A personal and organisational set back for Com. Prabhat was the passing away of Com. Parvana in 1975. His responsibilities increased as a result of this sad loss. In the period that followed, the securing of the III Bipartite settlement formed one of the sternest of organisational challenges faced by Com. Prabhat in his long tenure as pilot of the movement. The government at the helm of affairs was the Janata Government which had triumphed at the hustings with a massive mandate from the electorate in the aftermath of the emergency. And the Government was headed by Morarji Desai as the Prime Minister. When the AIBEA proposed the long overdue wage revision for bank employees it was the Prime Minister himself who thundered that bank employees enjoyed best of both the worlds and therefore there was no question of any wage increase for them. Not only did the government rule out any wage revision but also simultaneously attempted to foist the obnoxious Boothalingam Committee D. A, formula on the bank employees. The resistance to imposition of this formula in other industries was tepid.

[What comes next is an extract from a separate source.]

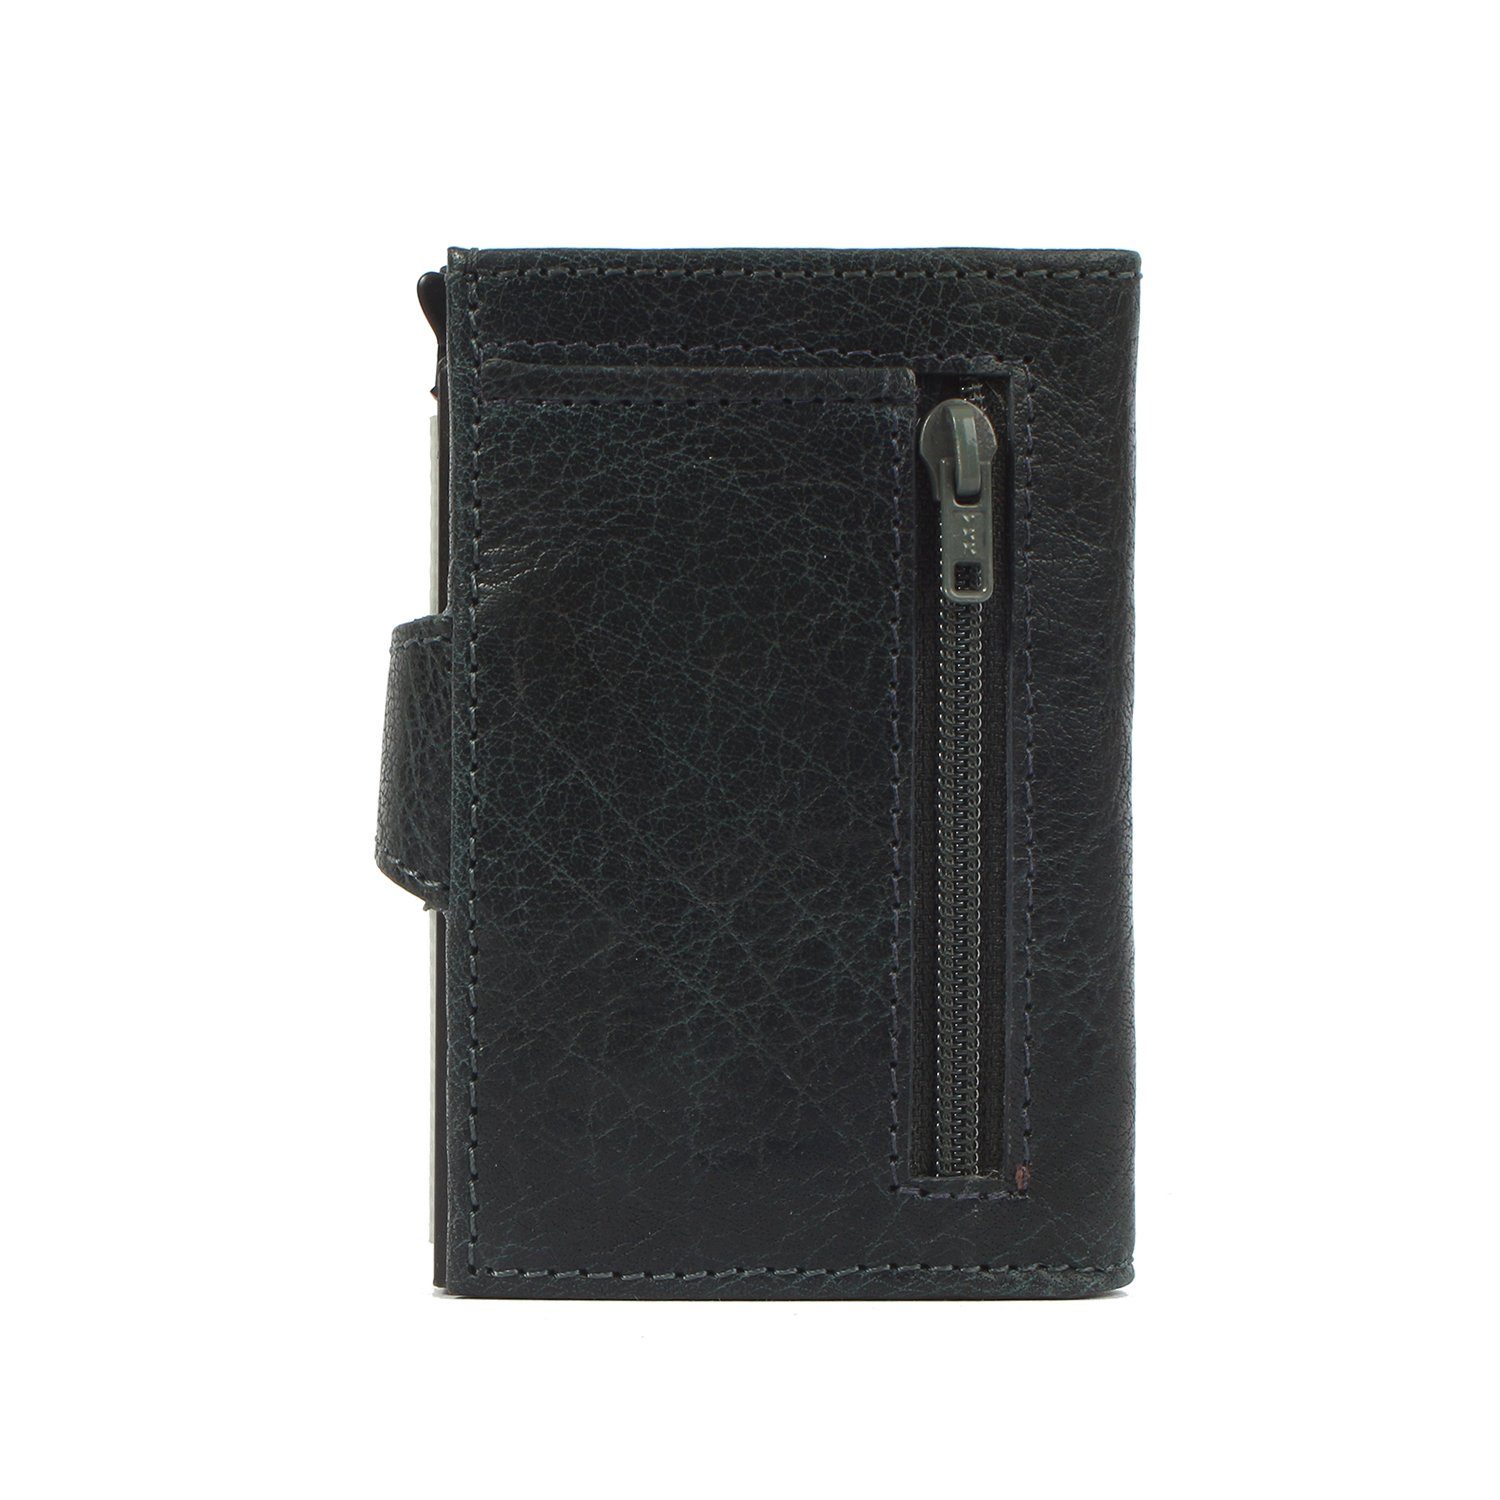 Margelisch Mini Geldbörse noonyu single Leder Kreditkartenbörse leather, steelblue Upcycling aus

A battle royal ensued therefore between the AIBEA and the government in which Com. Prabhat directed the use of every known item of weaponry from work-to- rule and other forms of agitation to novel methods like short duration strikes at different centres. The government had to finally bow before the combined might of the bank employees and Com. Prabhat once again achieved the impossible by signing the III Bipartite Settlement.

The Fourth Bipartite Settlement, came to the Bank employees virtually on a silver platter as it was achieved with comparatively less struggle. The movement had come full circle under the stewardship of Com. Prabhat. It has progressed from the situation of protracted battles for small gains to that of limited struggles for major gains. The subsequent period witnessed Com. Prabhat busily engaged in the task of organising the officers under the banner of the AIBOA of which he was the Founder President.

In the midst of these activities Com. Prabhat travelled to Nizamabad in Andhra Pradesh on 24-11-1984 to inaugurate the Conference of State Bank of Hyderabad Staff Association. While on his way back to Hyderabad from this Conference, he collapsed in the car in which he was travelling. It was 9-30 p.m. of 27th November 1984.

Thus he passed on to the ages, serving the cause for which he lived upto the last breath of his life. There are only a few who continue to live beyond the grave, for whom death signifies nothing more than the mere consignment of mortal remains to dust. That immortality is truly noble which is achieved in the cause of organising the masses. That immortality is uniquely Prabhat’s.